Study characteristics

We only found one study funded by Pfizer that met our inclusion criteria. A total of 64 participants with chronic pain due to chronic pancreatitis received either increasing doses of pregabalin (150 mg per day to 600 mg per day; 34 participants) or matching placebo (sham treatment; 30 participants) on an outpatient basis. The decision about whether a participant received pregabalin or placebo was made using methods similar to toss of a coin, to ensure that the participants in the two groups were similar. Participants received pregabalin or placebo for three weeks, then the outcomes were measured. Potential participants taking other pain-killers were allowed to take part in the study. Thus, this trial evaluates the role of pregabalin in addition to other analgesics for decreasing chronic abdominal pain due to chronic pancreatitis.

Key results

Only the short-term outcomes were available in this trial. This trial found that the changes in opiate use (drugs similar to morphine), and pain scores from baseline were better in participants taking pregabalin compared to those taking placebo. It was not clear whether these changes had a significant impact on the life of the participants.This trial also found that there were more side-effects in participants taking pregabalin compared to those taking placebo. The differences between pregabalin and placebo were imprecise for short-term health-related quality of life, percentage of people with serious side-effects, and percentage of people requiring hospital admissions.

Medium- and long-term outcomes, number of work days lost, and length of hospital stay were not available in this trial.

Quality of the evidence

The quality of evidence was low or moderate. As a result, further studies are required on this topic.

Authors' conclusions: 

Based on low- to moderate-quality evidence, short-term use of pregabalin decreases short-term opiate use, and short-term pain scores, but increases the adverse events compared to placebo, in people with chronic pain due to chronic pancreatitis. The clinical implication of the decreases in short-term opiate use and short-term pain scores is not known.

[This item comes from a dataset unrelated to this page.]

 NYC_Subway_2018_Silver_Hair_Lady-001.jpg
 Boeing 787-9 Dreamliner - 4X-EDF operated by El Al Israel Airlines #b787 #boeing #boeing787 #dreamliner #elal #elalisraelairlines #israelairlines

Future trials assessing the role of pregabalin in decreasing chronic pain in chronic pancreatitis should assess the medium- or long-term effects of pregabalin and should include outcomes such as, quality of life, treatment-related adverse events, number of work days lost, number of hospital admissions, and the length of hospital stay, in addition to pain scores, to assess the clinical and socioeconomic impact.

Read the full abstract...
Background: 

Chronic abdominal pain is one of the major symptoms in people with chronic pancreatitis. The role of pregabalin in people with chronic pancreatic pain due to chronic pancreatitis is uncertain.

Objectives: 

To assess the benefits and harms of pregabalin in people with chronic abdominal pain due to chronic pancreatitis.

Search strategy: 

We searched the Cochrane Central Register of Controlled Trials (CENTRAL) in The Cochrane Library 2015, issue 6, and MEDLINE, EMBASE, Science Citation Index Expanded, trials registers until June 2015. We also searched the references of included trials to identify further trials.

Selection criteria: 

We considered only randomised controlled trials (RCT) performed in people with chronic pancreatic pain due to chronic pancreatitis, irrespective of language, blinding, or publication status for inclusion in the review.

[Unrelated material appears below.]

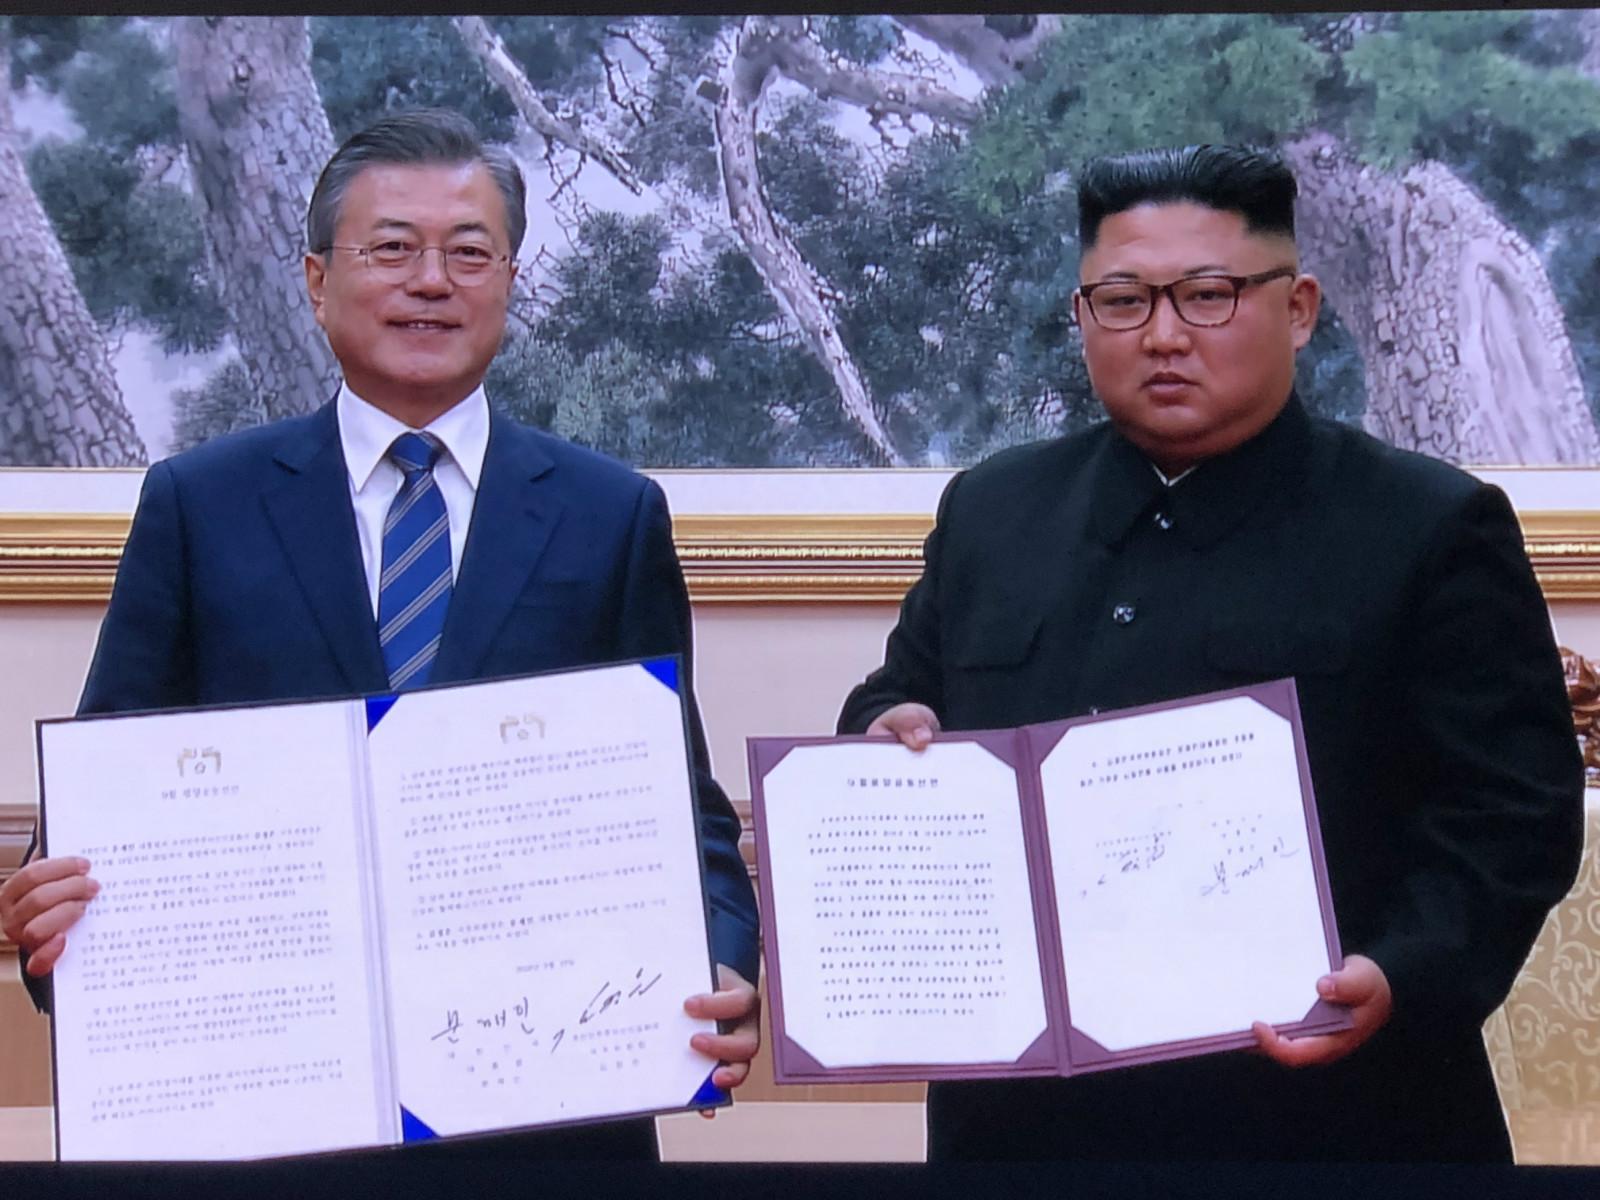 Moon, Kim sign summit agreement in Pyongyang: Yonhap

Data collection and analysis: 

Two review authors independently identified trials and independently extracted data. We calculated the risk ratio (RR) or mean difference (MD) with 95% confidence intervals (CI) with RevMan 5, based on intention-to-treat analysis.

Main results: 

Only one study, funded by Pfizer, met the inclusion criteria for the review. A total of 64 participants (with chronic pain due to chronic pancreatitis) were randomly assigned to receive escalating doses of pregabalin (150 mg per day to 600 mg per day; 34 participants) or matching placebo (30 participants). Participants received pregabalin or placebo for three weeks on an outpatient basis; the outcomes were measured at the end of the treatment (i.e. three weeks from commencement of treatment). Potential participants taking concomitant analgesic medication and expected to stay on a stable regime during the trial were allowed to enter the study. This trial was at low risk of bias. The overall quality of evidence was low or moderate.

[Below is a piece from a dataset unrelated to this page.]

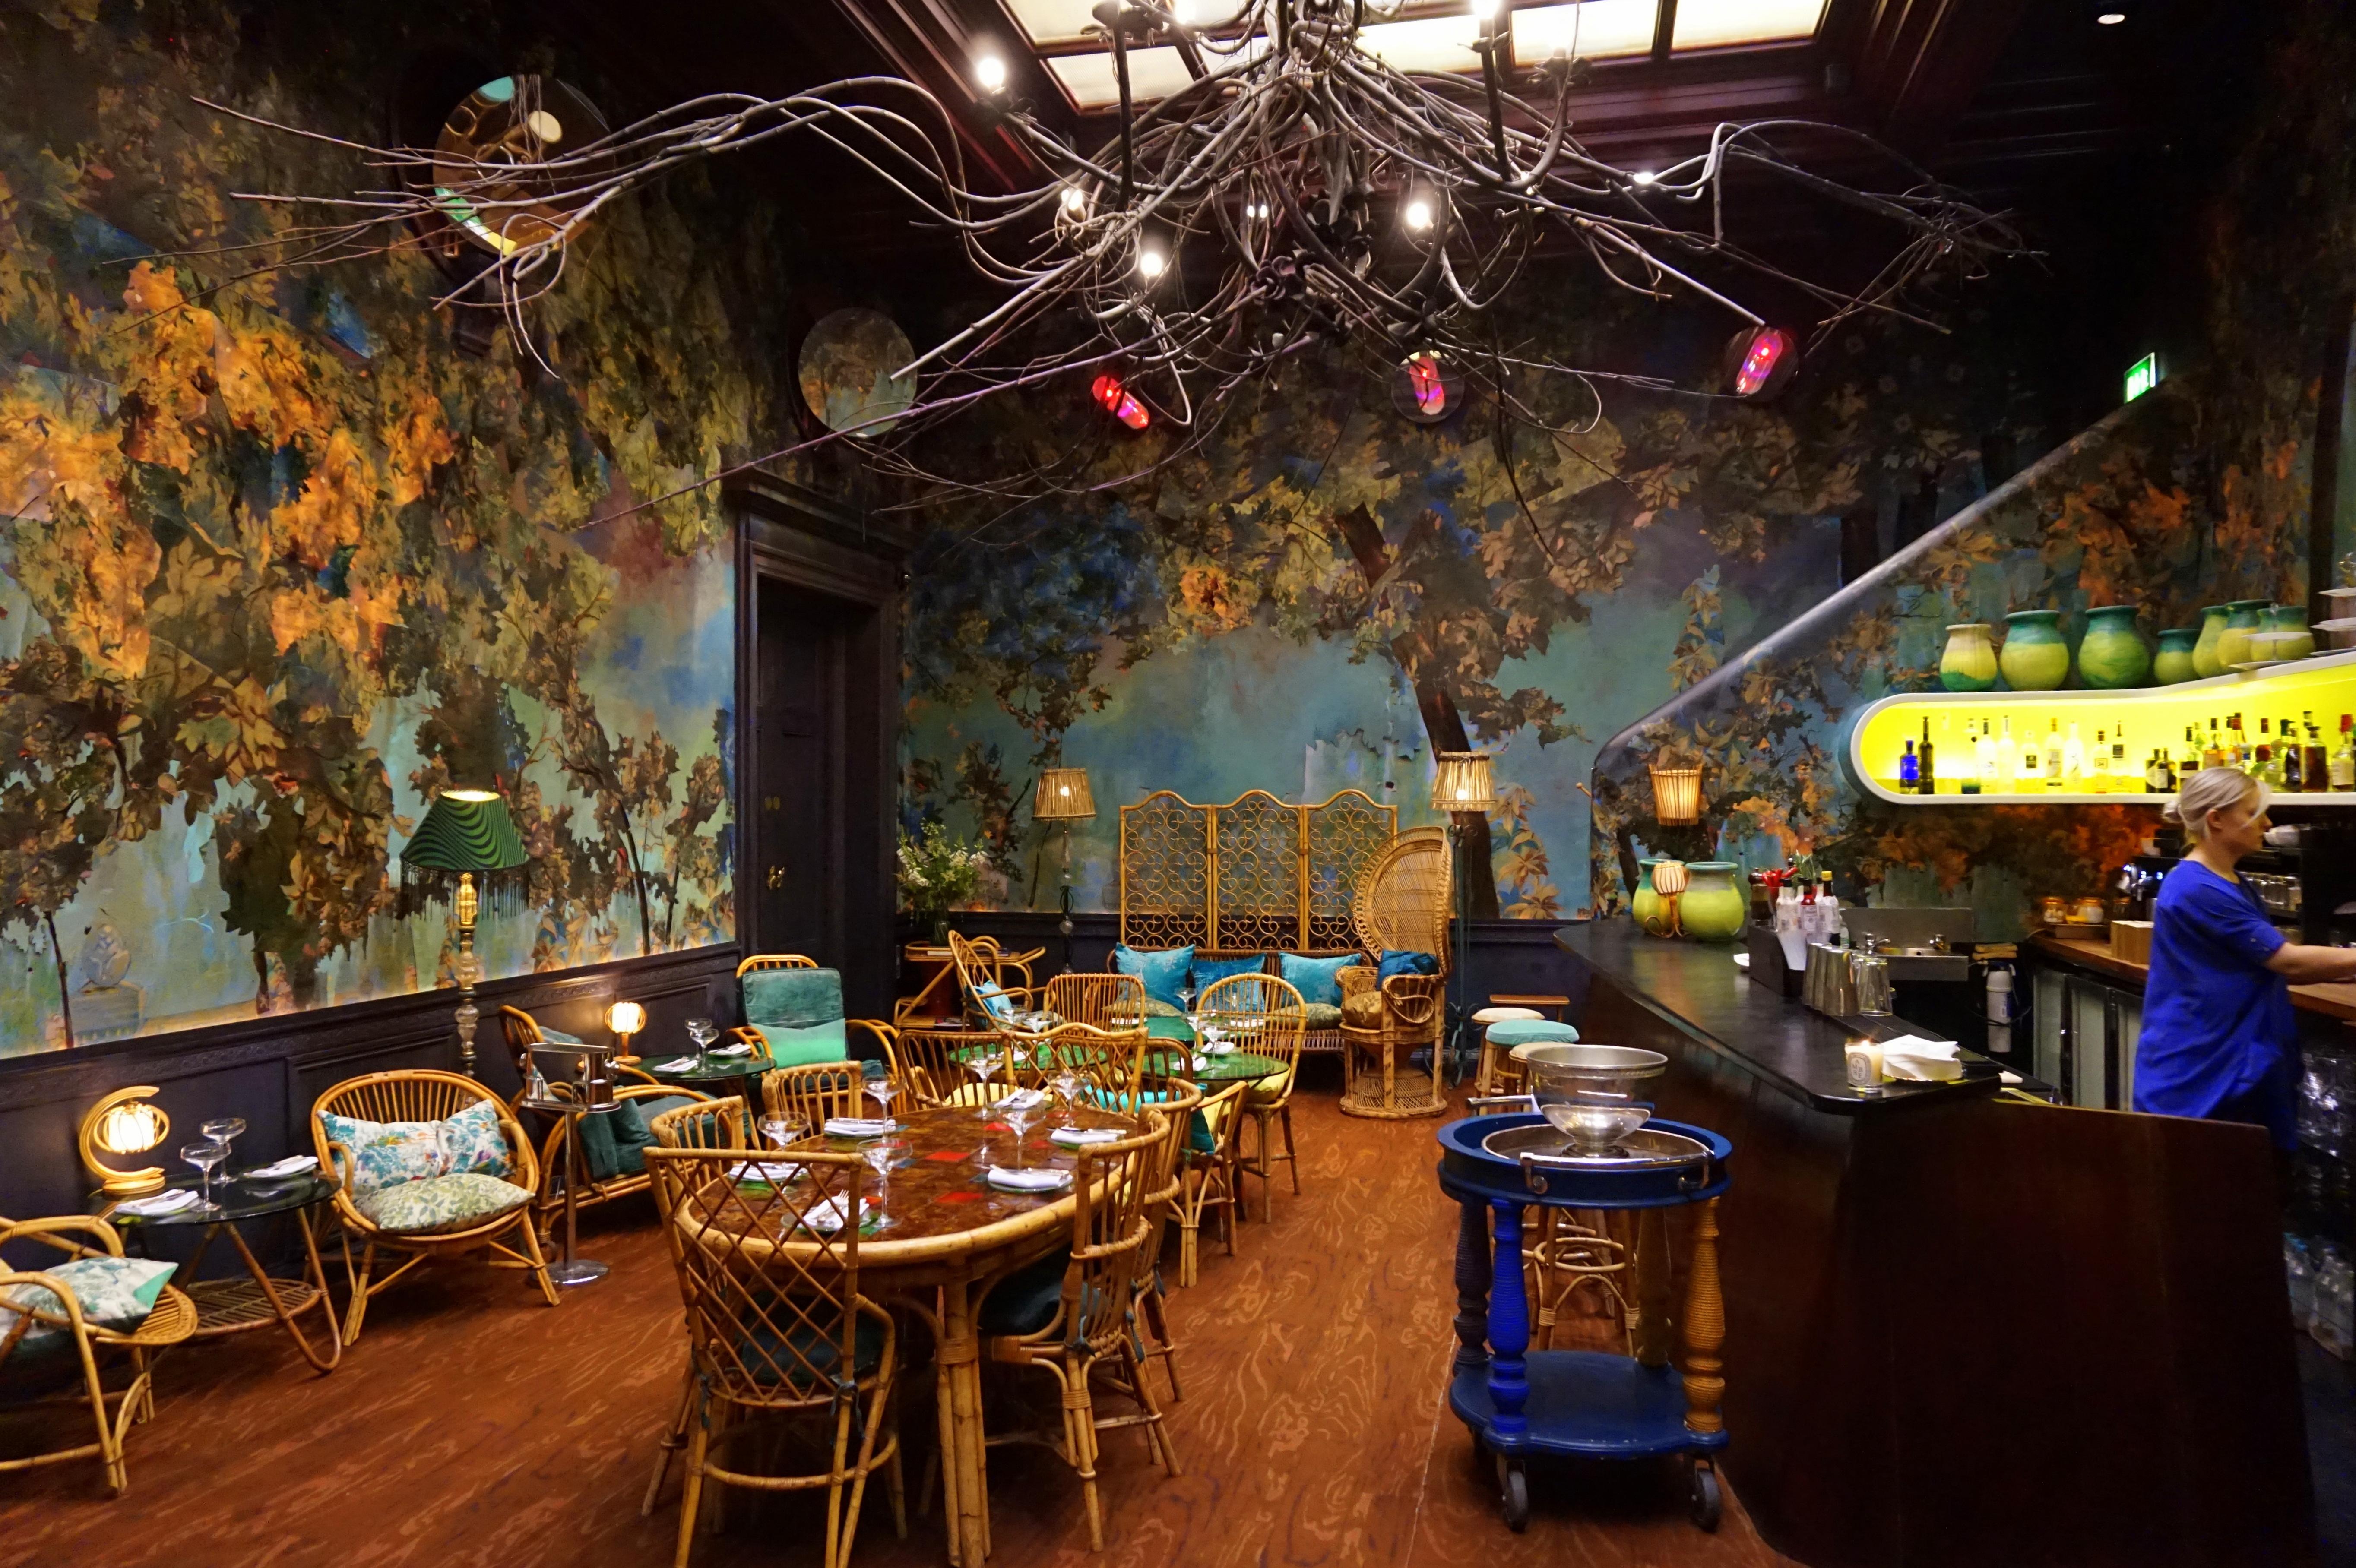 london cool places unusual eat egg restaurant annaeverywhere

Only the short-term outcomes were available in this trial. The medium and long-term outcomes, number of work days lost, and length of hospital stay due to admissions for pain control were not available. This trial found that the changes in opiate use (MD -26.00 mg; 95% CI -47.36 to -4.64; participants = 64; moderate-quality evidence), and pain score percentage changes from baseline (MD -12.00; 95% CI -21.82 to -2.18; participants = 64; moderate-quality evidence) were better in participants taking pregabalin compared to those taking placebo. This trial also found that there were more adverse events in participants taking pregabalin compared to those taking placebo (RR 1.71; 95% CI 1.20 to 2.43; participants = 64). The differences between pregabalin and placebo were imprecise for short-term health-related quality of life measured with the EORTC CLQ-30 questionnaire (MD 11.40; 95% CI -3.28 to 26.08; participants = 64; moderate-quality evidence), proportion of people with serious adverse events (RR 1.76; 95% CI 0.35 to 8.96; participants = 64; low-quality evidence), and proportion of people requiring hospital admissions (RR 0.44; 95% CI 0.04 to 4.62; participants = 64; low quality evidence).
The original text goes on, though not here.